ASSIGNMENT
Below are some records. Retype exactly the lines from the one containing "Beige hand block" through the one containing "Sénart Collective Cities", both included, skipping every picture.

SUPPLIED MATERIAL
□ □ □ □

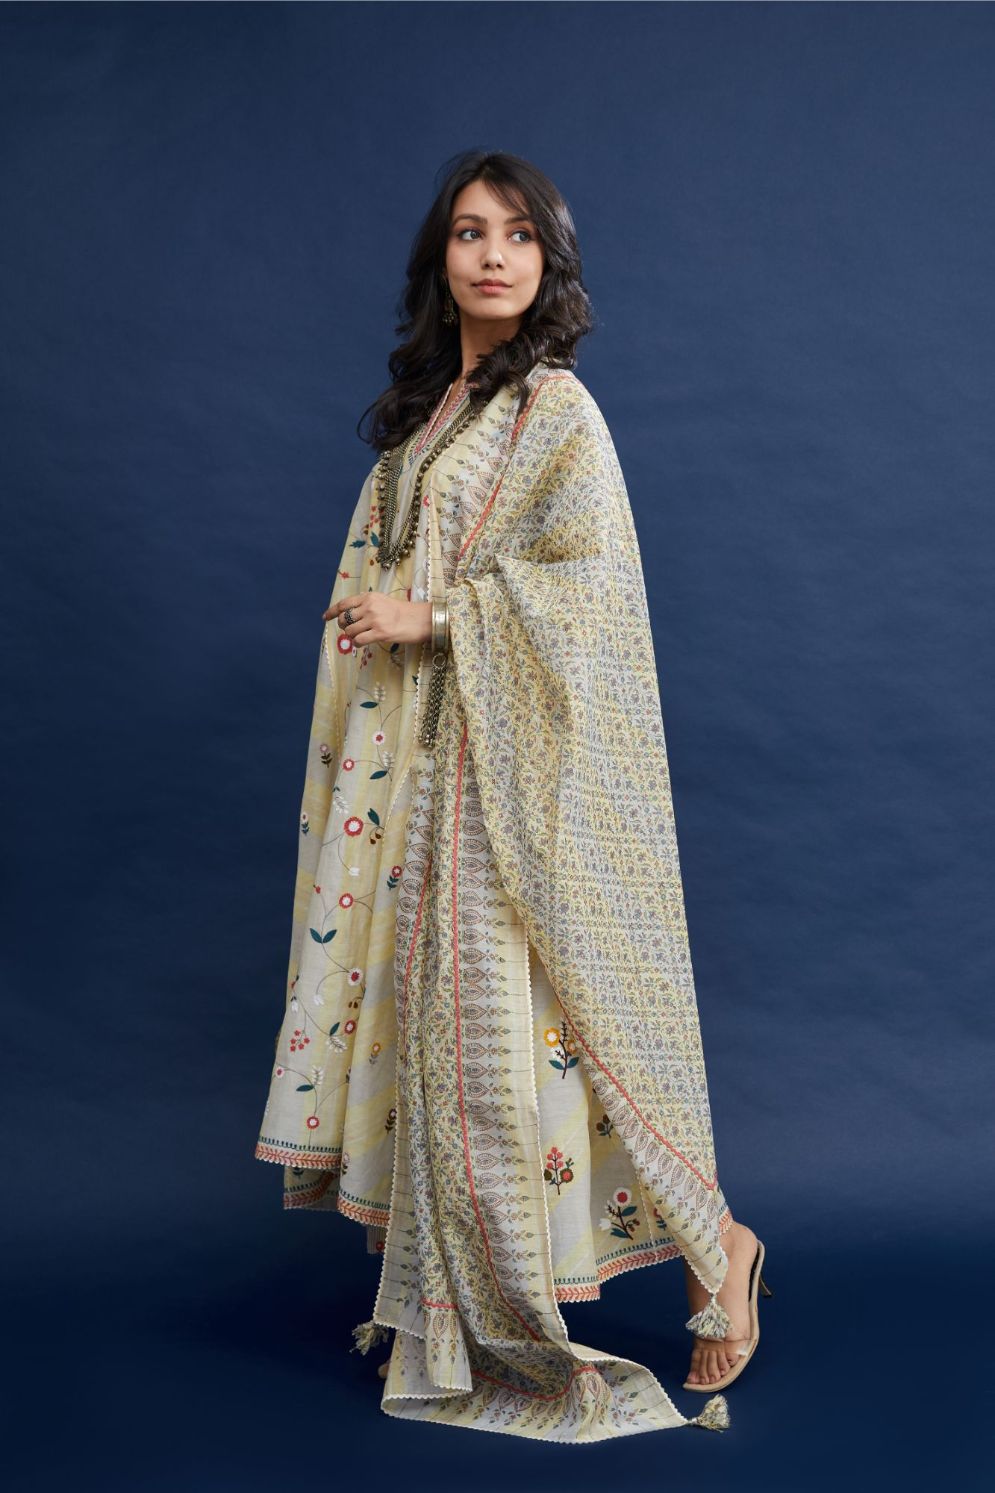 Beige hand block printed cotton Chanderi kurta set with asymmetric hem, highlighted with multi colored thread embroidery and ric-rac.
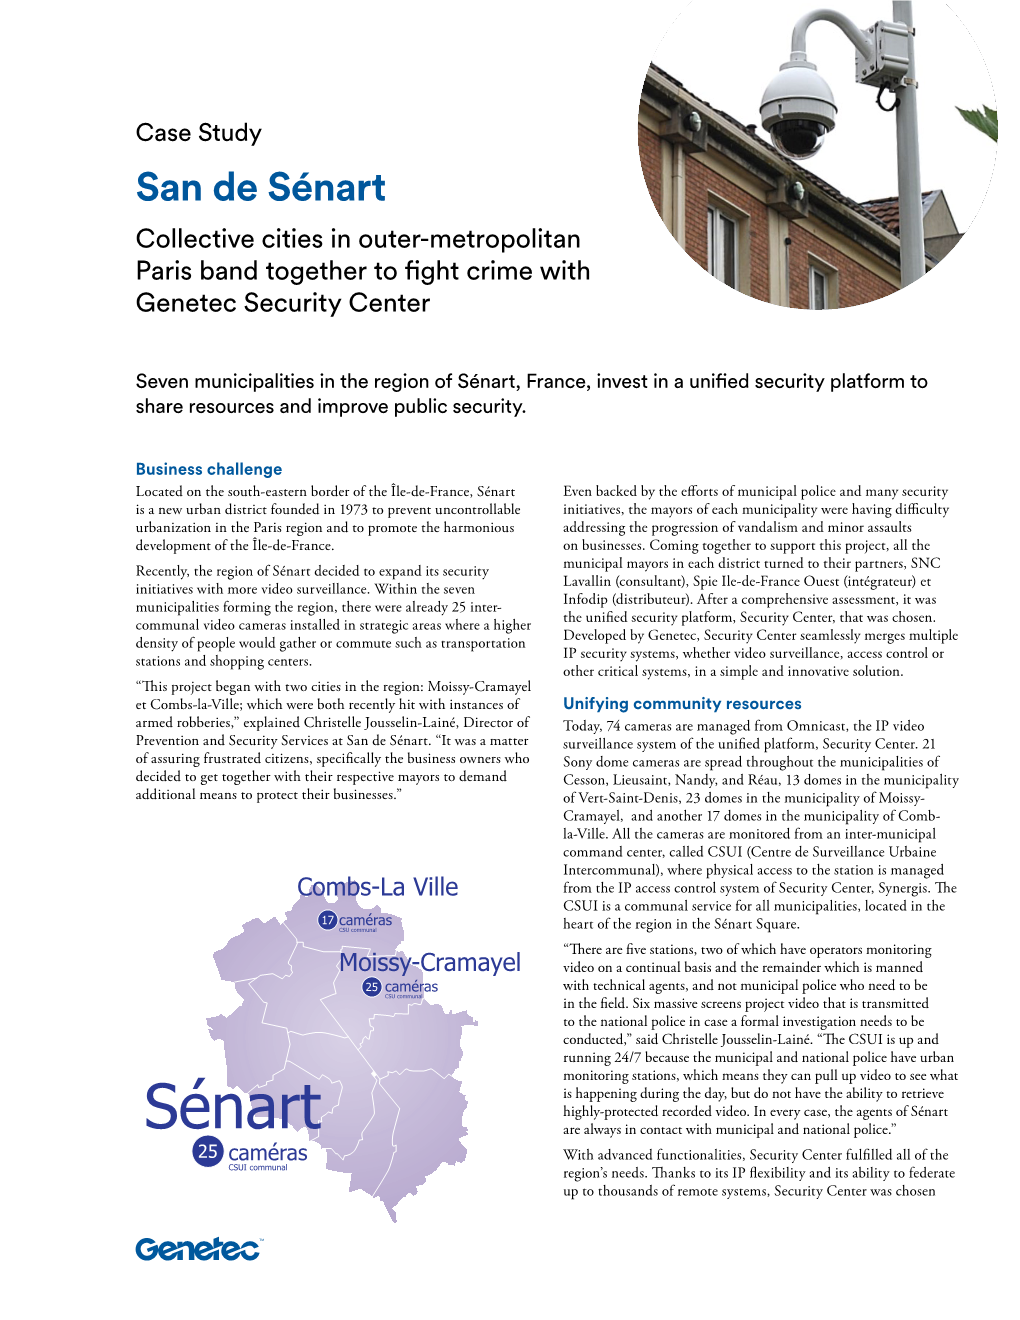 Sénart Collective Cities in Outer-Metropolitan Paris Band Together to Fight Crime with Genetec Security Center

□ □ □ □

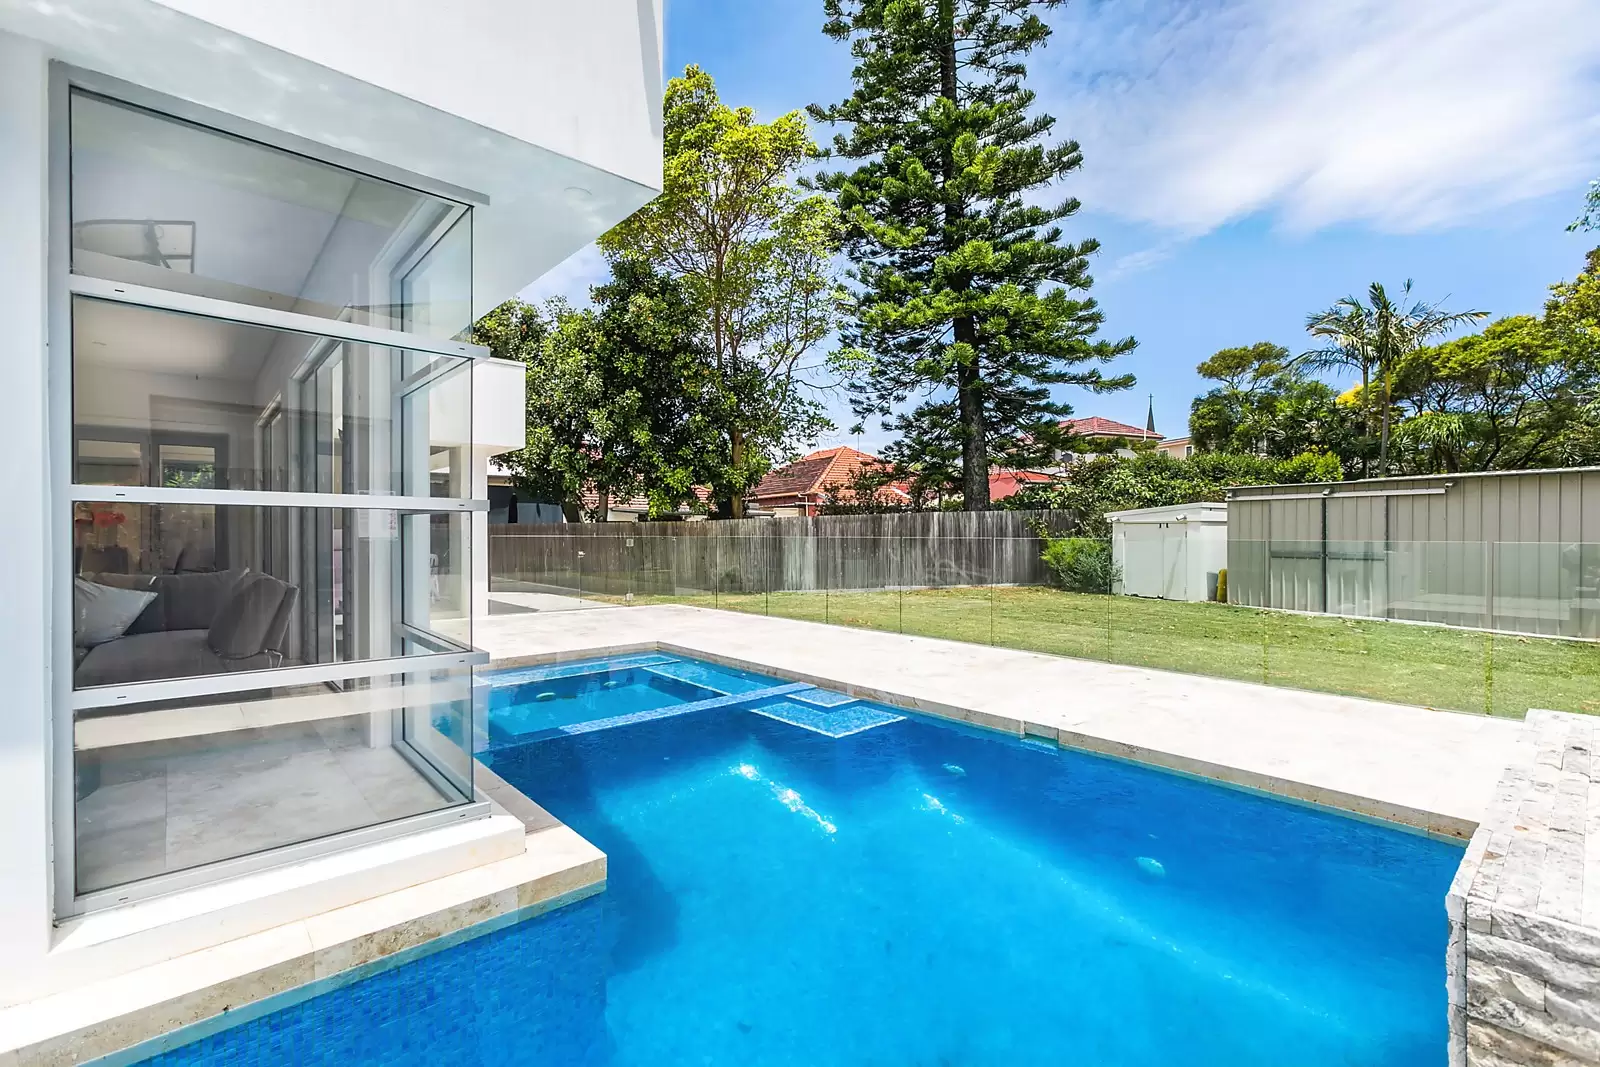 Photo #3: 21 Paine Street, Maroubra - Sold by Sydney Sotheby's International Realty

□ □ □ □

COMPLETED TASK
 Beige hand block printed cotton Chanderi kurta set with asymmetric hem, highlighted with multi colored thread embroidery and ric-rac.
 Sénart Collective Cities in Outer-Metropolitan Paris Band Together to Fight Crime with Genetec Security Center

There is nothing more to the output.